Our capacity to model and reason about a problem depends on the languages and tools available to us. As graph databases become more mainstream, we anticipate that the concepts, terminologies, and reasoning strategies associated with them will become more deeply embedded in the ways we think about, model and implement software solutions.
The network databases of old--the forerunners of today's modern graph databases--fell out of favour in the '70s because they were difficult to work with. Writing in 1975, in Data and Reality, William Kent summarised this weakness in the network model; more importantly, however, he also offered up a tantalising promise for the future:
"Still others focus their critical comparisons on the manipulative language specified in the DBTG proposal. Such critics fail to see the possibility of developing a better language (exploiting the semantics of named relationships), much as a language like SQL shields users from relational joins and projections."
That possibility is now here in the form of Cypher. Very few people, once they've tried Cypher, want to go back to SQL. Today's graph databases make it easy for developers and data architects to model, store and query their connected data in ways that map closely to their natural language descriptions of a domain and the questions they want to ask of their domain, and I think as we exercise the expressive power of both the language and the graph model we'll demand more of the technology, and so drive its evolution.
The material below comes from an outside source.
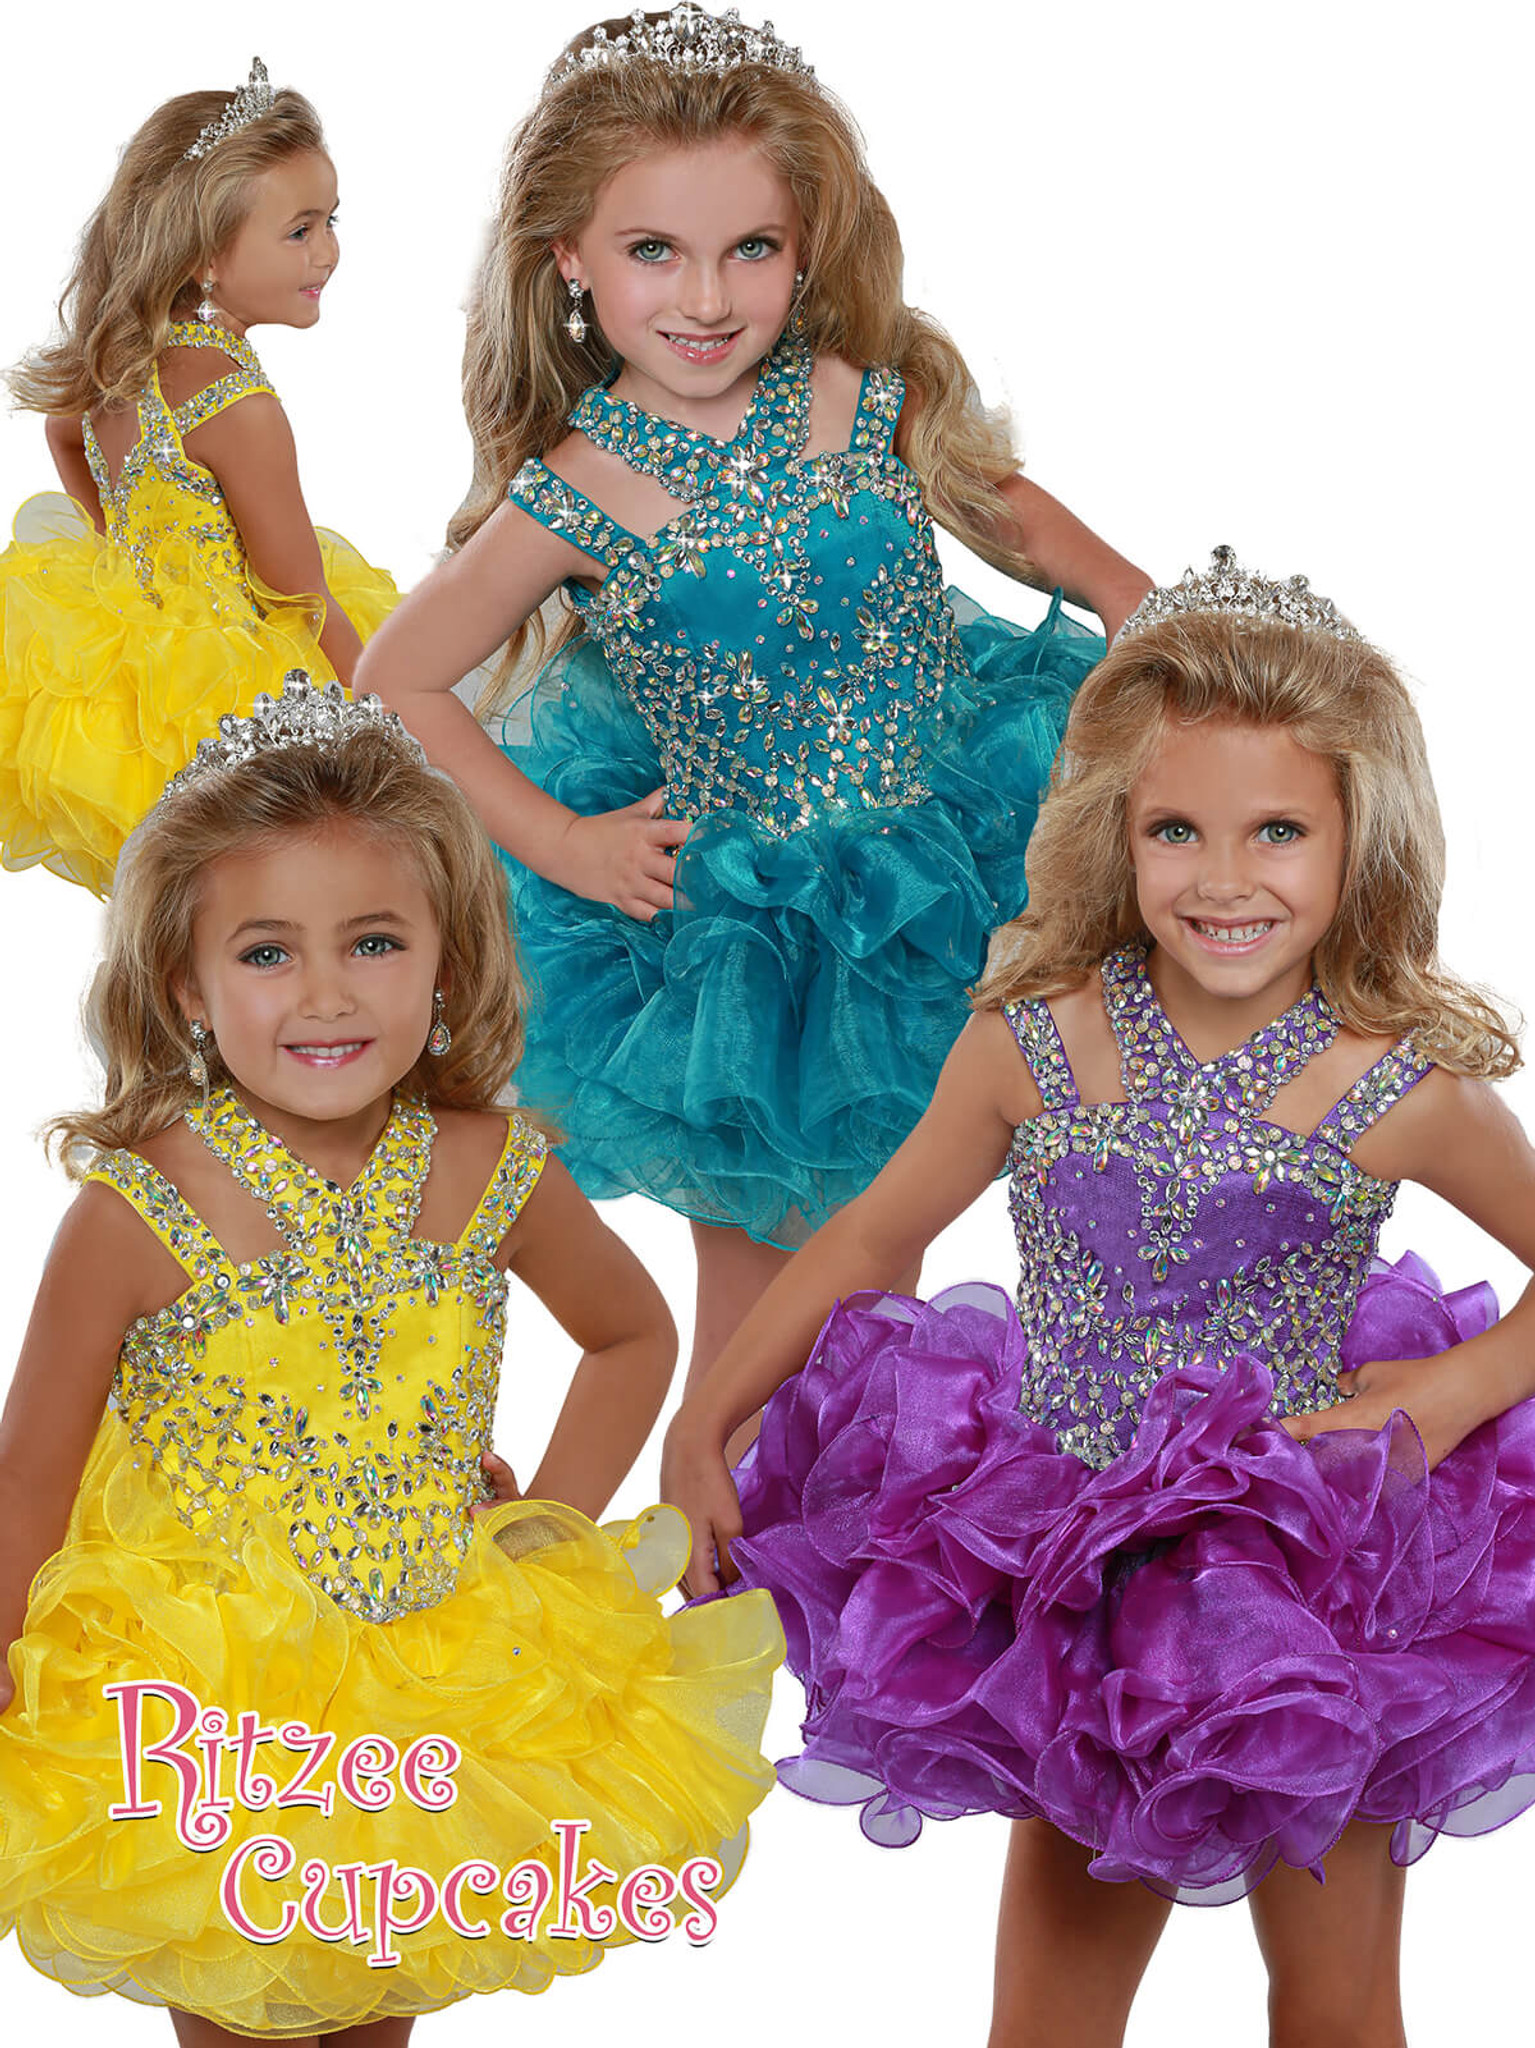 Cupcake Ritzee Girls B279 Pageant Dress PageantDesigns

Most of today's graph databases adopt the property graph model (which comprises nodes, properties, and named and directed relationships) that Neo4j pioneered nearly 10 years ago. We think it's a pretty powerful model. It's not necessarily a pure graph model--rather, it's a pragmatic union of graph and record-like structures--but it works; developers tend to find it much easier to use a property graph rather than either a pure graph model or a relational model to move a design from the whiteboard into their application.
But despite its advantages and ease of use, today's model isn't necessarily the best model. We think we can do better. Later this year Neo4j will introduce some new first-class elements to its property graph model. Chief amongst these are labels and constraints. Labels are like valueless properties that can be attached to nodes. There's a many-to-many relationship between nodes and labels: a node can have one or more labels attached to it, and a label can be associated with one or more nodes. Schema constraints and indexing behaviours can then be associated with these labelled nodes.
Labels and constraints make the graph even more expressive and easier to reason about than ever before, while retaining the bottom-up, schema-free characteristics that make the property graph model ideal for capturing variably-structured domains. Additional enhancements to the model will likely see a more full-blown map- or document-like structure replace the current record structure of node and relationship properties. Together, these enhancements will make it easier to work with simple and complex data structures alike.
Finally, in a more speculative mode, I’d like to reflect on the suggestive and inferential capabilities of graph databases, and the new opportunities for creating end-user value they open up.
Line-of-business applications typically apply deductive and precise algorithms--calculating payroll, applying tax, and maintaining shopping cart totals, for example. But as the big web properties such Google, Facebook, and Twitter have shown, there’s also tremendous value in being imprecise and suggestive--in applying data along a metaphorical axis.
Pattern matching in a graph provides an arbitrarily complex identity function. This is revolutionary. It can be observed in the small in things like social networking and recommendations. My identity--in the context of an online shopping experience, say--is a metaphor for the behaviours of others; I recognise myself and the opportunities available to me in the matched patterns that situate me with respect to other elements in the network. These suggestive, inferential capabilities of graph databases open up an exciting world of new possibilities.